• What you should do
The data below should be copied out exactly, with its pictures omitted.

• Data extract
= = = =

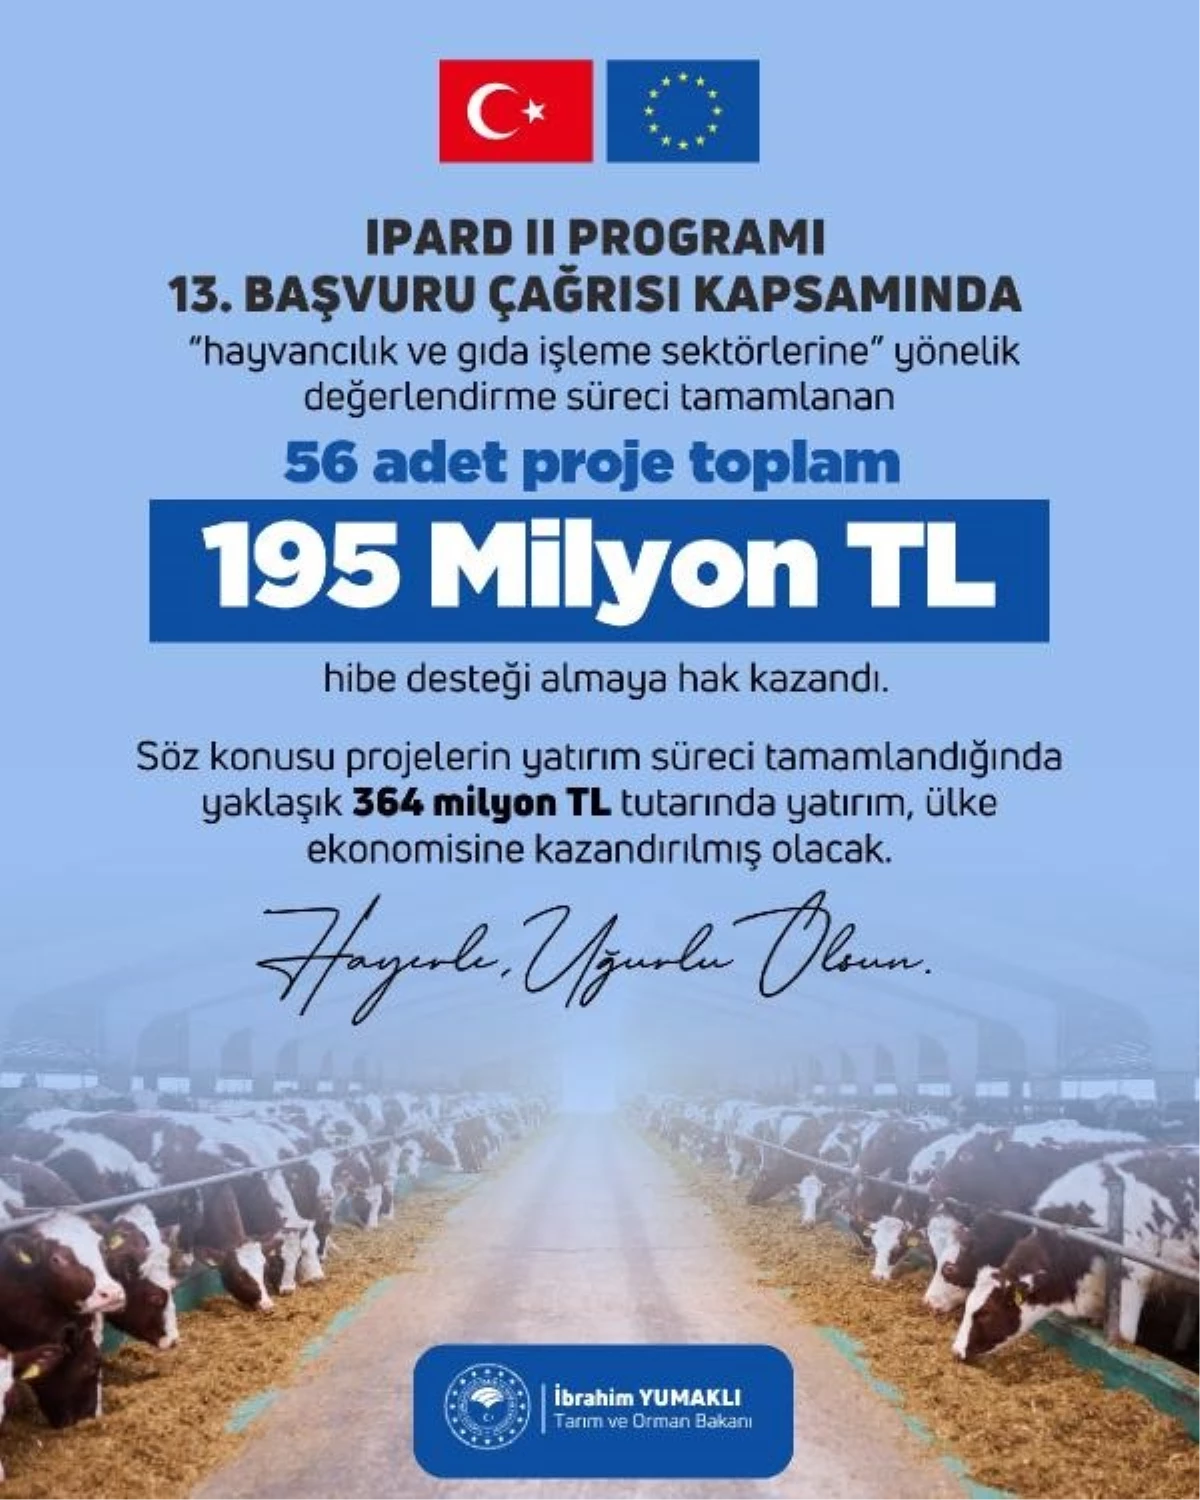 IPARD-II Programı kapsamında hayvancılık ve gıda işleme sektörlerine 195 milyon TL hibe desteği sağlanacak
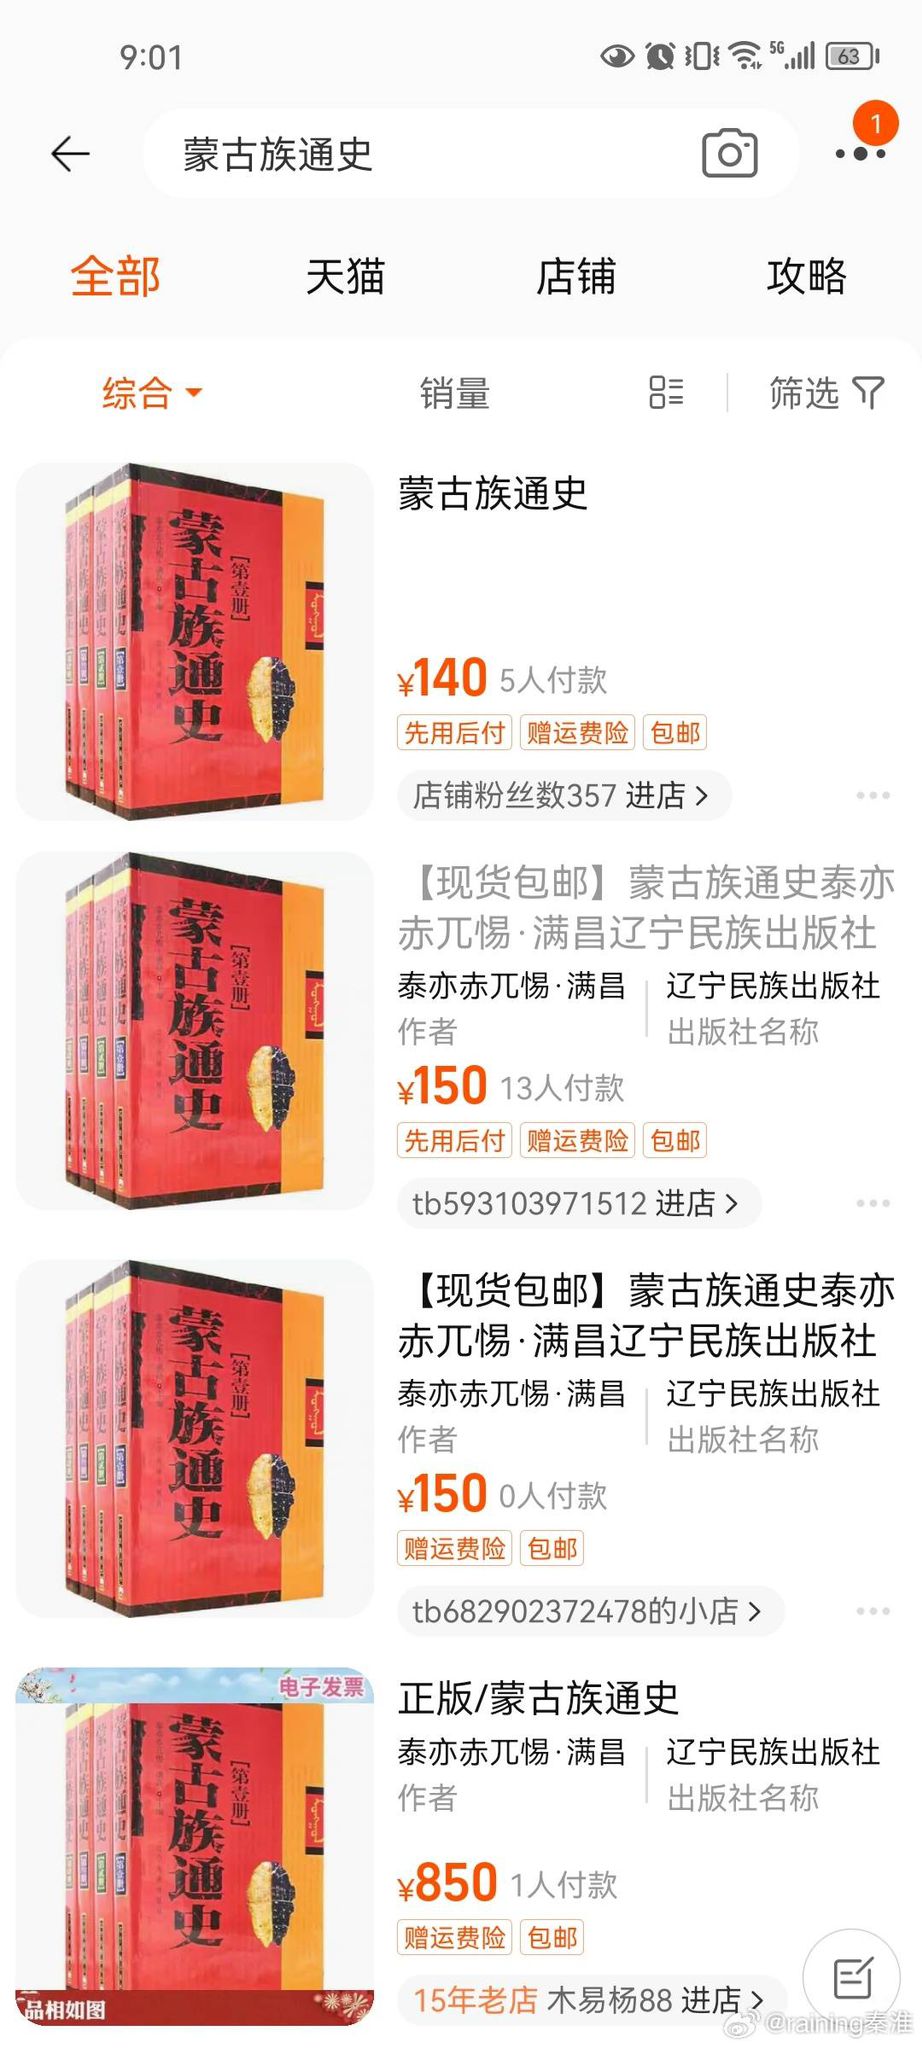 辽宁民族出版社出版的《蒙古族通史》被举报。
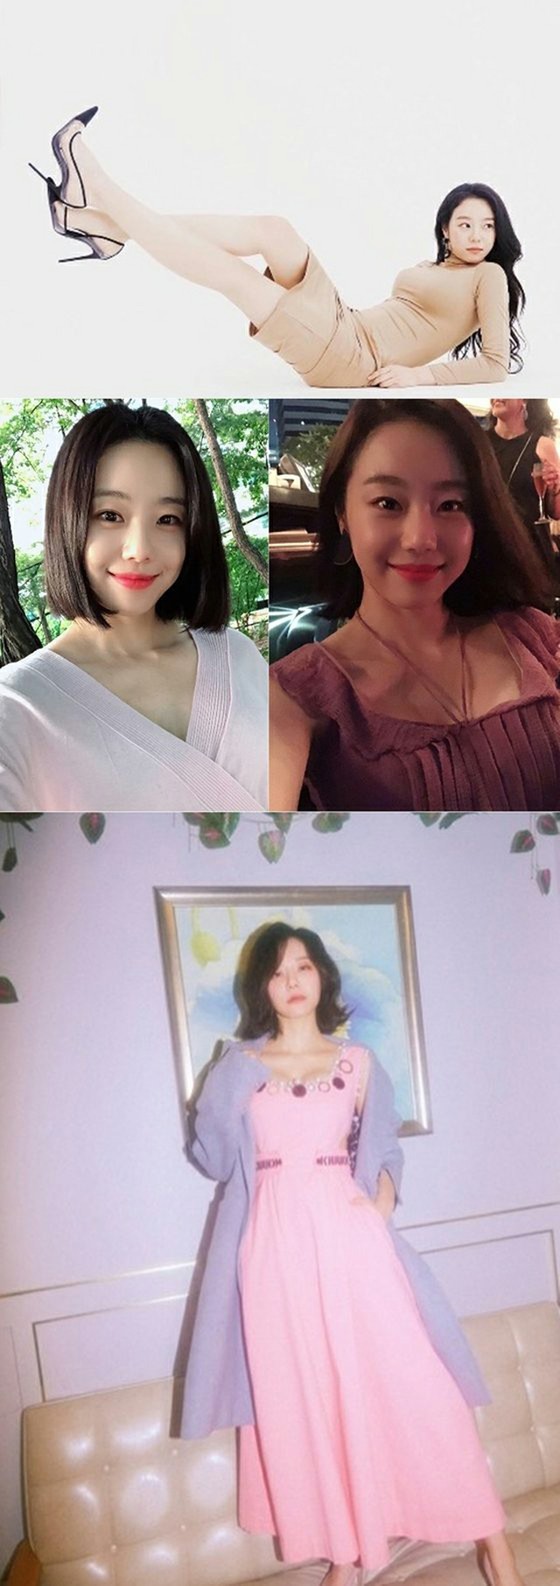 Nữ diễn viên "Brain sekunyo" Lee ShiWon lôi cuốn chương trình với DNA "Cha là cựu chủ tịch MENSA, con là Đại học Seoul"
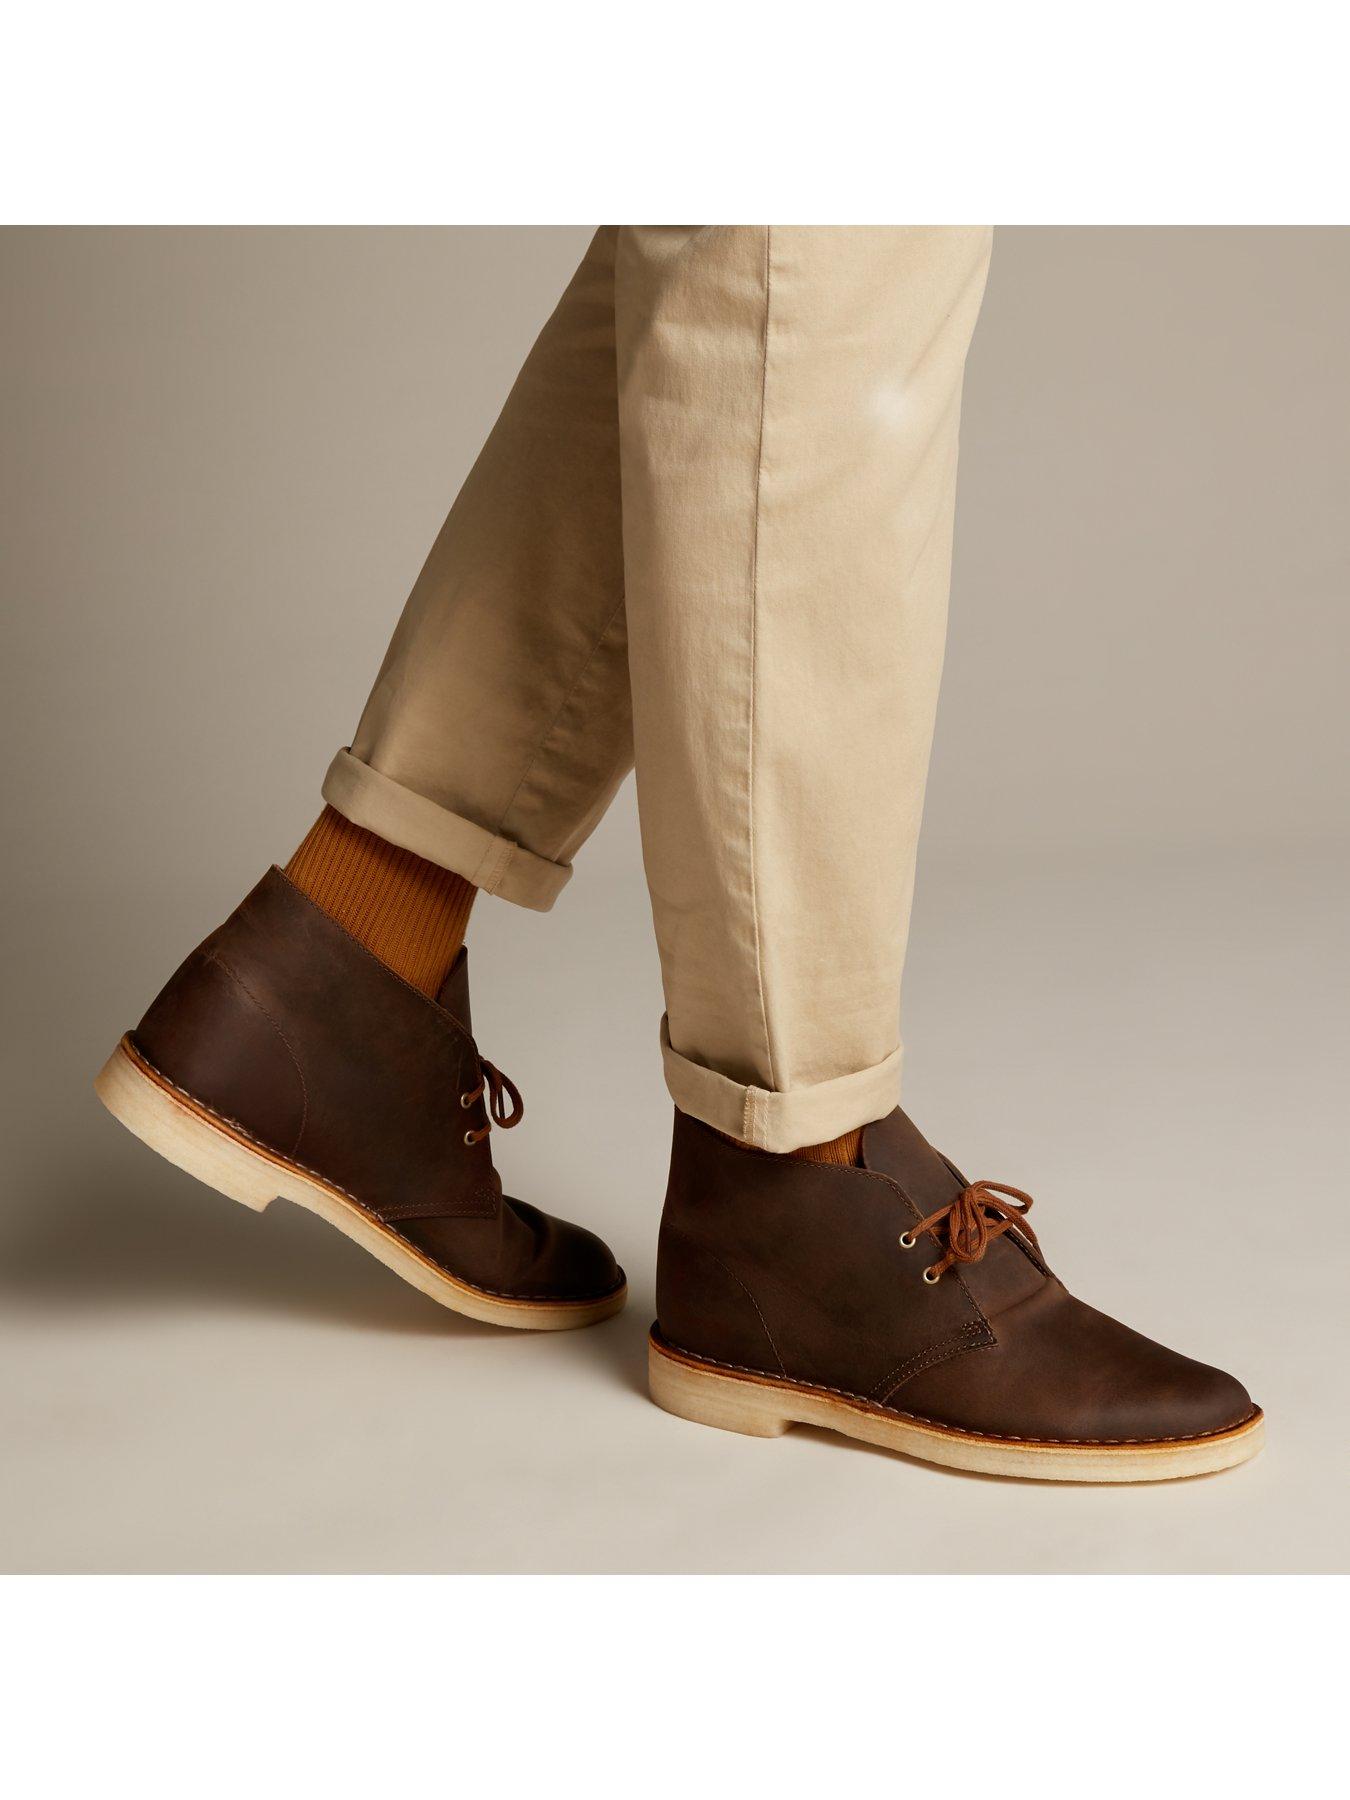 clarks originals men's desert boot brown beeswax

= = = =

• Answer section
 IPARD-II Programı kapsamında hayvancılık ve gıda işleme sektörlerine 195 milyon TL hibe desteği sağlanacak
 辽宁民族出版社出版的《蒙古族通史》被举报。
 Nữ diễn viên "Brain sekunyo" Lee ShiWon lôi cuốn chương trình với DNA "Cha là cựu chủ tịch MENSA, con là Đại học Seoul"
 clarks originals men's desert boot brown beeswax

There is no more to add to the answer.